Facilitated percutaneous coronary intervention (PCI) in patients with acute ST-elevation myocardial infarction: comparison of prehospital tirofiban versus fibrinolysis before direct PCI

Martin Möckel, Wolfgang Bocksch, Sebastian Strohm, York Kühnle, Jörn Vollert, Lutz Nibbe, Rainer Dietz
International Journal of Cardiology 2005 August 18, 103 (2): 193-200

AIMS: Early start of treatment including coronary revascularization has been recognized as crucial variable in the outcome of acute ST-segment elevation myocardial infarction (STEMI). The lack of availability and the realisation that an optimum reperfusion strategy will need to incorporate mechanical reperfusion as part of that strategy has led to a great deal of interest in pharmacologic reperfusion combined with mechanical reperfusion or facilitated PCI. It is not clear whether GPIIb/IIIa-blockade or fibrinolysis better facilitates PCI.

METHODS: We identified 138 patients who have been primarily treated by our mobile emergency care mobile from July 2001 until February 2003 with tirofiban or fibrinolysis. Seventy-nine patients had ST-elevation myocardial infarction (STEMI) and available angiograms within 24 h.

RESULTS: Forty-four patients had tirofiban (TIRO; 60.6 S.D. 11.4 years, 64% male) and 35 patients underwent fibrinolysis (FIB; 31.4% tenecteplase, 54.3% reteplase, 11.4% alteplase, 2.9% streptokinase; 58.8 S.D. 12.2 years, 80% male). Data were analyzed with respect to TIMI-flow and corrected frame count (cTFC) before and after PCI, bleeding complications at 30 days and long-term follow up for major adverse events (median 288 days; MACE: Death, hospitalized re-infarction, intracranial hemorrhage). Catheter films were re-analyzed by an investigator blinded to the prehospital therapy. Time from onset of symptoms to first medical contact was 1.98 h in TIRO compared to 0.5 h in FIB (p<0.001) and time from first prehospital medical contact to catheter was 1.46 h in the TIRO compared to 2.85 h in the FIB group (p<0.001). TIMI 3-flow before PCI was observed in 20.5% of TIRO and 62.9% in FIB (p<0.001). After PCI TIMI 3-flow was achieved in 90.5% and 90.0%, respectively (p=n.s.). Final cTFC was 24 in TIRO and 29 in FIB (p=n.s.). Visible thrombi were detected in 30.2% in TIRO and 23.5% in FIB (p=n.s.). Major bleeding occurred in one TIRO patient (fatal lung bleeding after ultima ratio abciximab on top of tirofiban), 2 patients (4.5%) received transfusions. In FIB 2 intracerebral hemorrhages, 5 transfusions (14.3%) and 3 pulmonary bleedings during mandatory ventilation were observed. After 30 days 4.5% in TIRO and 22.9% in FIB had MACE (p=0.015). During long-term follow up the primary endpoint was observed in 4.5% of TIRO and 28.6% (p=0.003) of FIB. Two patients died in TIRO and 9 patients in FIB.
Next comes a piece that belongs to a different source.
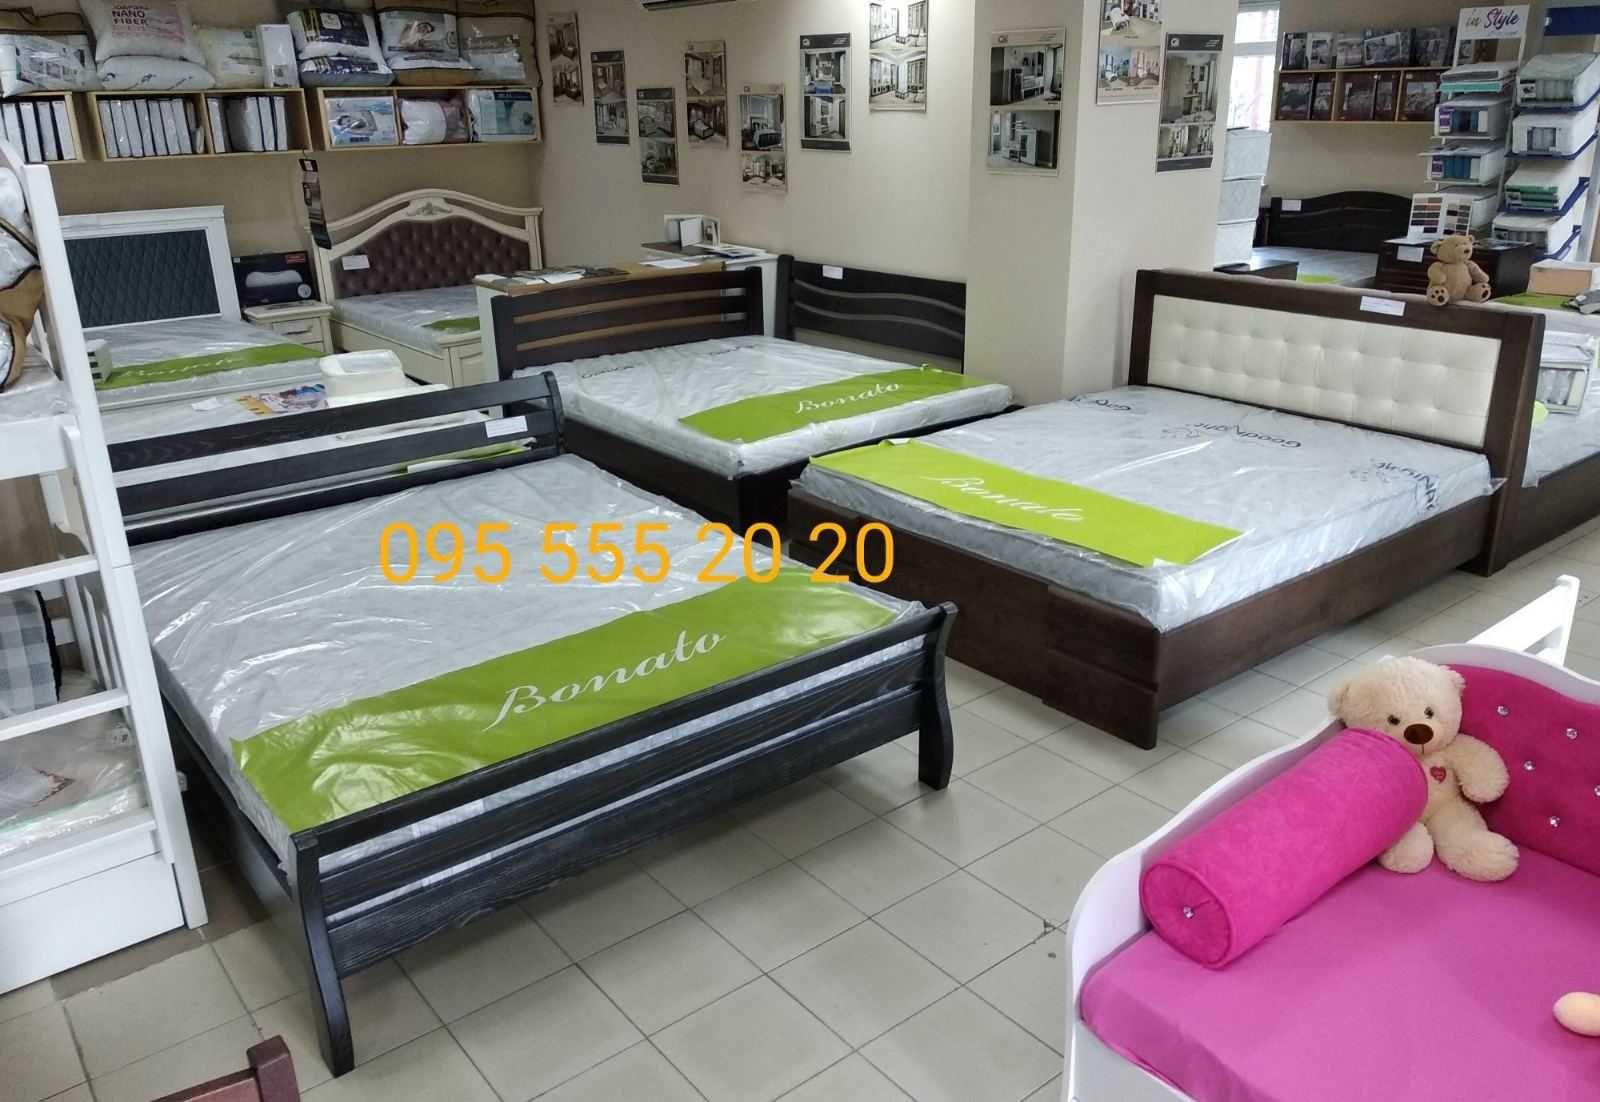 Оригінальні двоспальні ліжка з ясеня 160х200, готові, Луцьк, магазин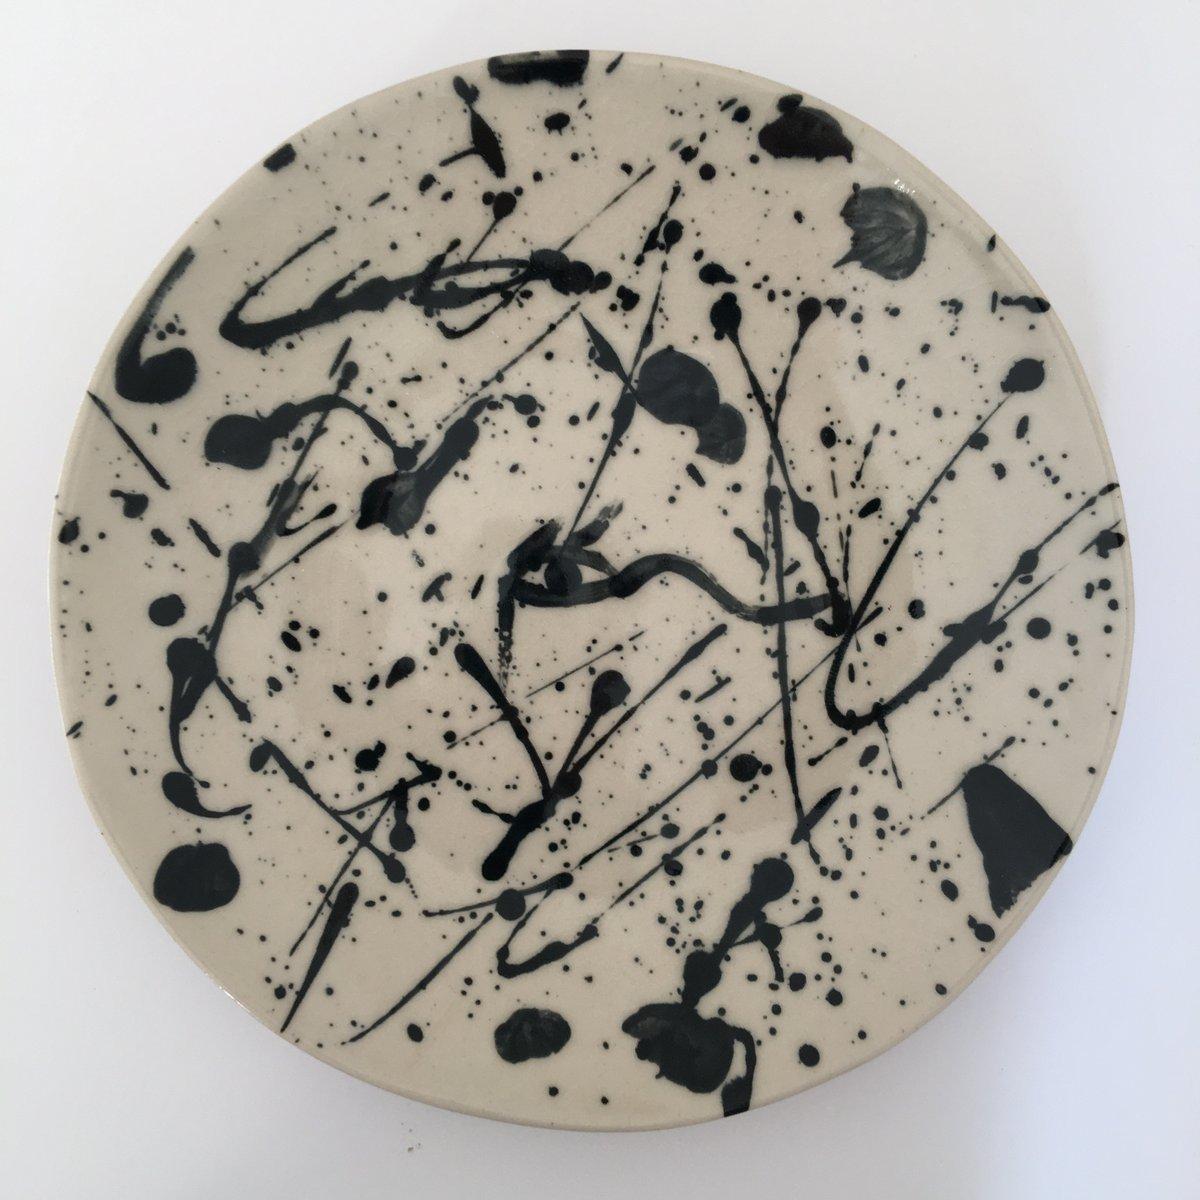 Splatter Plate with Eye

CONCLUSIONS: We conclude that (1) prehospital start of tirofiban for facilitated PCI is safe and effective if administered by experienced emergency physicians; (2) routine fibrinolysis should be limited to areas where catheter based therapy is not available within 90 min and (3) fibrinolysis should be given for facilitated PCI in randomized trials only at the moment.